[[ Extracted data open ]]
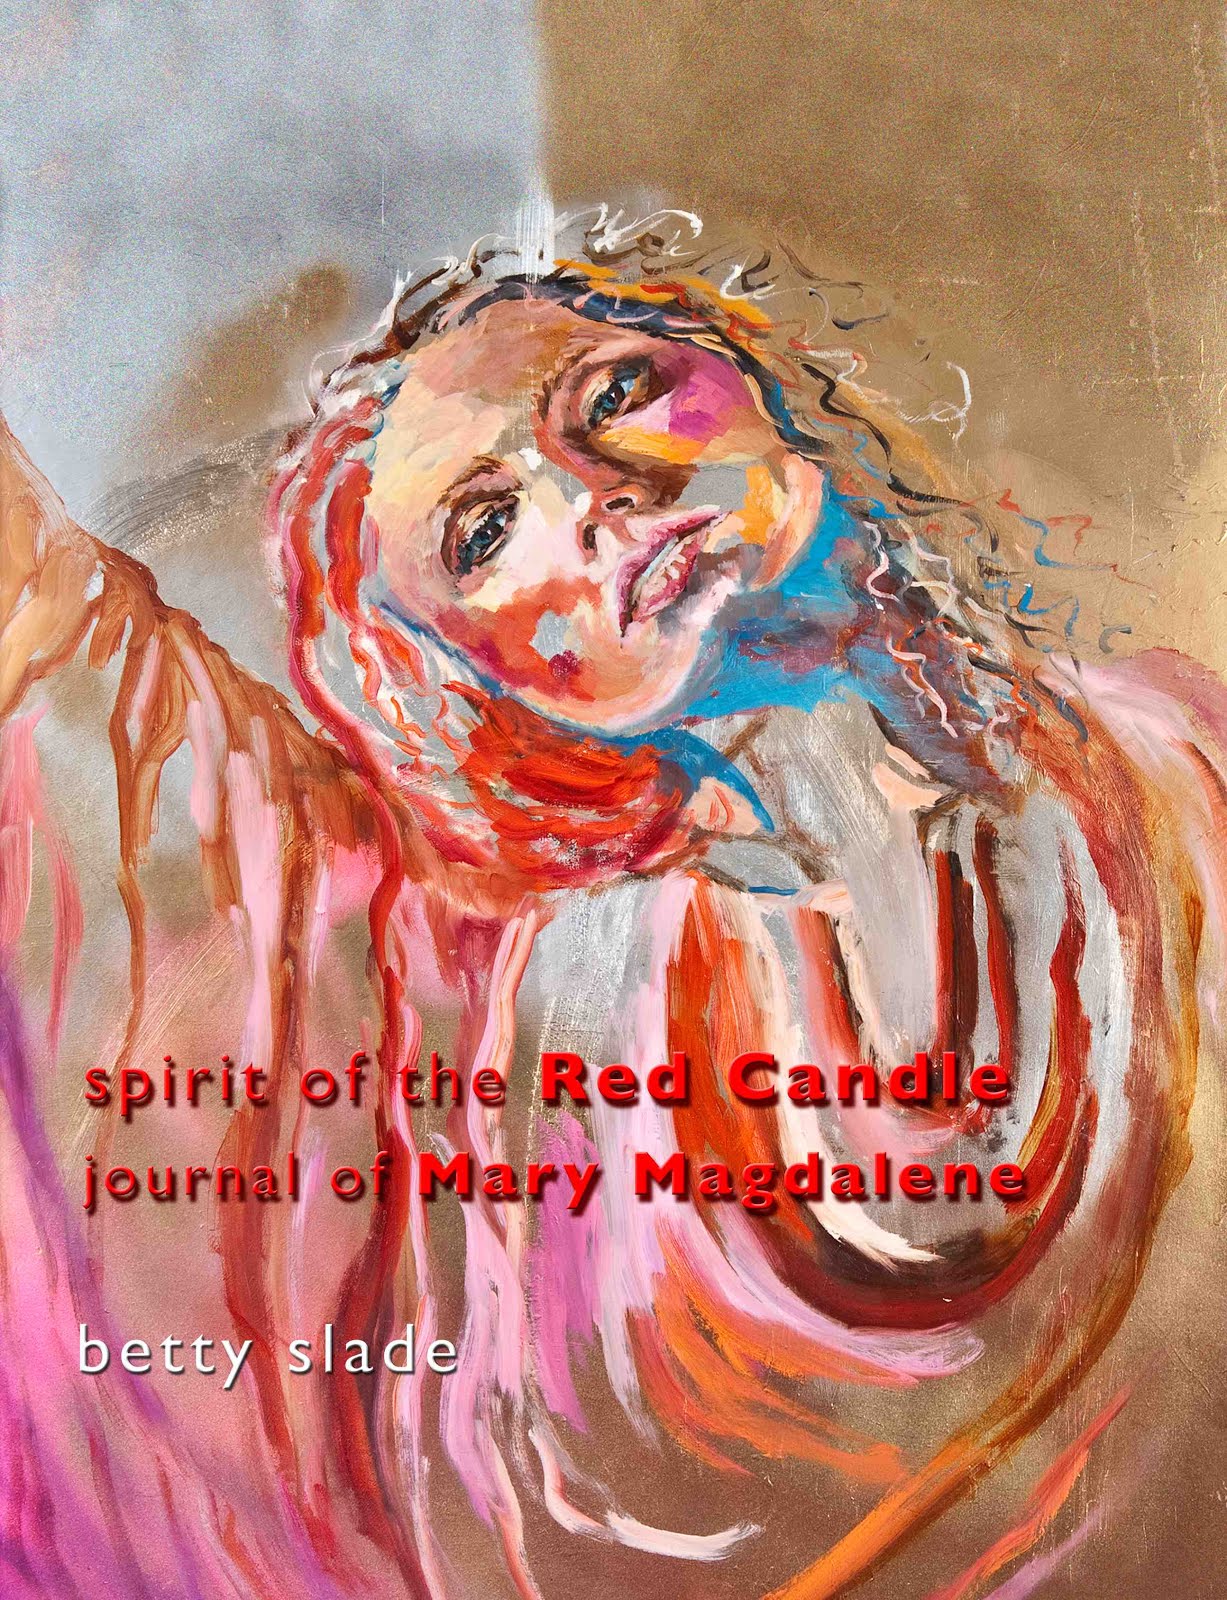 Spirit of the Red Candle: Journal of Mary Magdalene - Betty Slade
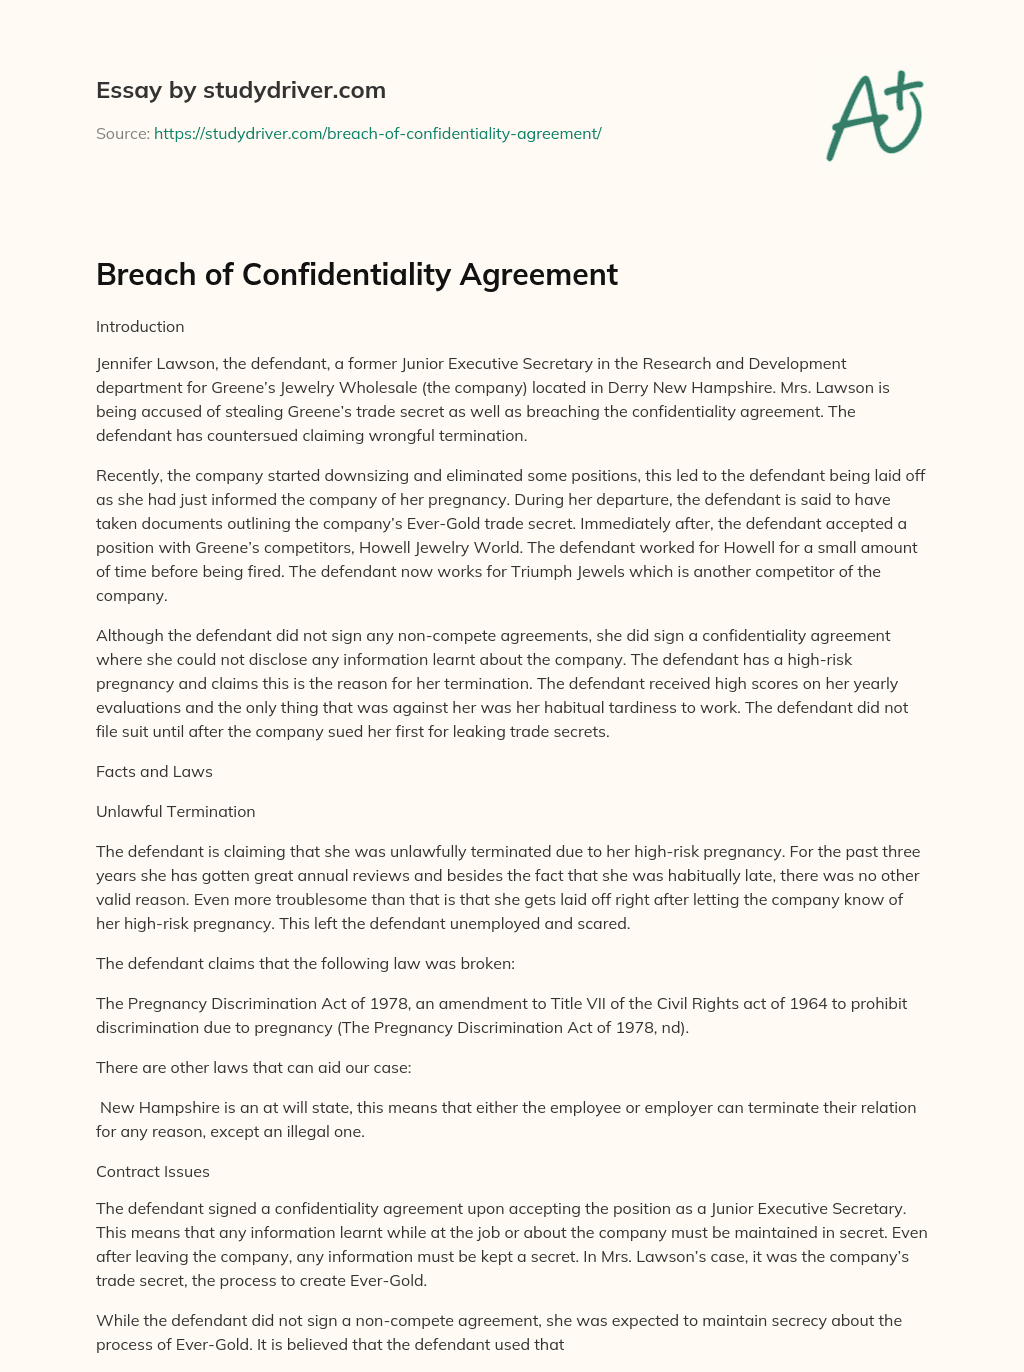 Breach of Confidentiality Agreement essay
[[ Extracted data closed ]]
[[ Extracted data open ]]
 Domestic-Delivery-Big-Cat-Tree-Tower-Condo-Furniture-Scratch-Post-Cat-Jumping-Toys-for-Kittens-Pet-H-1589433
[[ Extracted data closed ]]
**Exercise objective**
Given the listing above, repeat exactly the lines starting at the one with "Spirit of the" and ending at the one with "Breach of Confidentiality Agreement essay", inclusive, excluding pictures.

**Answer to this task**
 Spirit of the Red Candle: Journal of Mary Magdalene - Betty Slade
 Breach of Confidentiality Agreement essay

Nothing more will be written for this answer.